Baker appreciated that some people still believe in the European Union and others are worried about change and fall for the scaremongering, but he said that the danger today is the governing elite is overthrowing the principle of “you get the government you vote for”, they want the EU. The message to the British public is their counts for nothing.

Boris Johnson is clear UK should exit EU by 31 October. Baker said the Surrender Bill which ties Johnson’s hands by forcing him to ask for an extension, is an unconstitutional Bill reached by unconstitutional means. The Bill was legislated for by arbitrarily overthrowing the House of Commons (HoC). He said that the Speaker broke the rules by allowing the debate for the HoC to take over the procedure to legislate. He said the government controls the business in the HoC, not the Speaker. The rebels took away from the government the power to govern the country through control of the business of the Commons; they handed it to the Opposition with a rag-tag bunch of rebels. Baker said that now UK has a minority government that has lost control of Parliament. He said really that government ought to fall and there ought to be a general election. Johnson was absolutely right to table a motion for an early general election; this motion is expected again on Tuesday when Parliament resumes, but is also expected to fail as some Conservative MPs will lose their seats and the Labour Party is more split than the Conservatives; the LibDems and SNP will find an excuse not to have a GE. If Johnson had resigned, the alternative idea of a Government of so-called National Unity is presumed by many not to last very long, but it is an uncharted threat. Baker said the ERG have been informed by former Labour MPs that Corbyn and John McDonnell are “extremists”; indeed, McDonnell has told Baker in a 2011 interaction that he is a not completely reformed Trotskyite. Baker said should the Labour form a government, the difficulties of leaving the EU would pale into insignificance.

Regarding a deal for leaving the EU, Baker said that the Chequers Agreement of rule following is intolerable; although there are many things wrong with the Withdrawal Agreement, the political context has changed, but with the Brady Ammendment, that replaces the Backstop with alternative arrangements to avoid a hard border, there is a just a possibility this might pass.

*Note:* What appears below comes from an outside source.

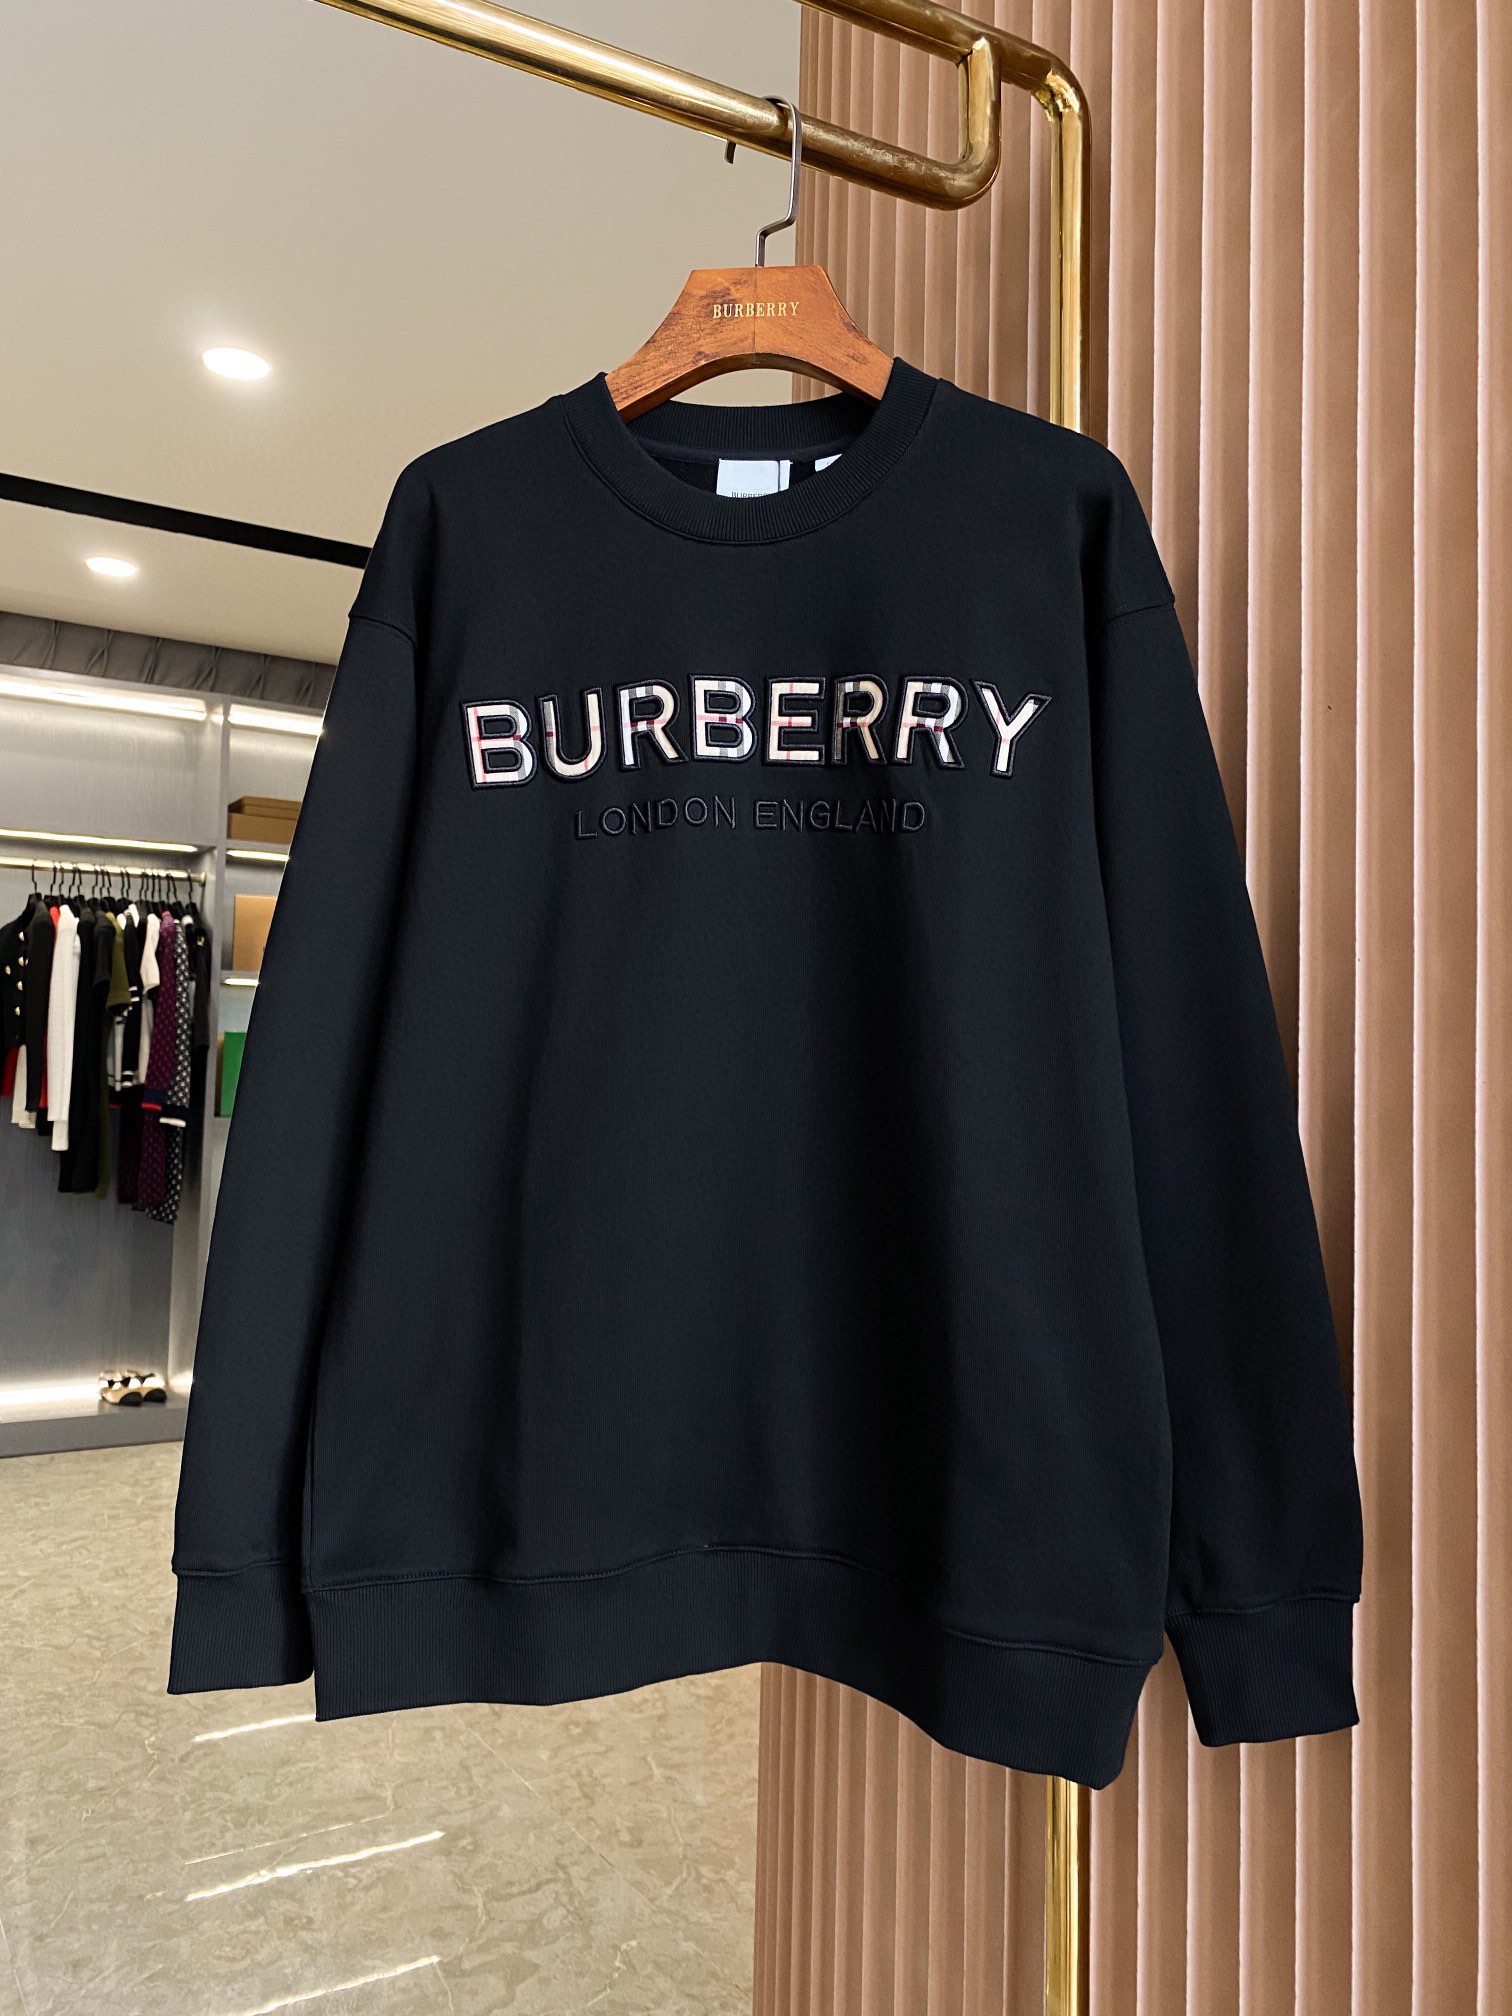 Burberry Clothing Sweatshirts Embroidery Unisex Cotton Fall/Winter Collection Fashion

Baker said that if the Backstop is completely removed, the Political Declaration for the Future Relationship (PDFR) will need to be thoroughly rewritten, to match the offer the EU made to UK in March 2018. Also, it is unacceptable that the ECJ has jurisdiction over the negotiation of the PDFR. The implementation period leaves UK exposed to EU having power to pass laws to disadvantage UK, thus the UK would need a national veto; and equal citizens’ rights for British Asians and European Citizens is something Baker would aim for.

Baker explained that the purpose of an extension and the Surrender Act is obscured, because the Kinnock amendment requires the Prime Minister to state the reason for requesting an extension is to pass the Withdrawal Agreement Bill, but Baker has previously said that there is no chance Johnson will represent a deal that contains the Backstop that is harder to get out of than Europe. Regarding a No Deal exit on 31 October, Baker hazarded a guess that the SC would support an extension; thus, it is difficult to say what the government ought to do.

At this point, a television broadcasting team arrived and The Sunday Guardian chat was over. One day, this reporter hopes to resume the intended profile under less harassed circumstances.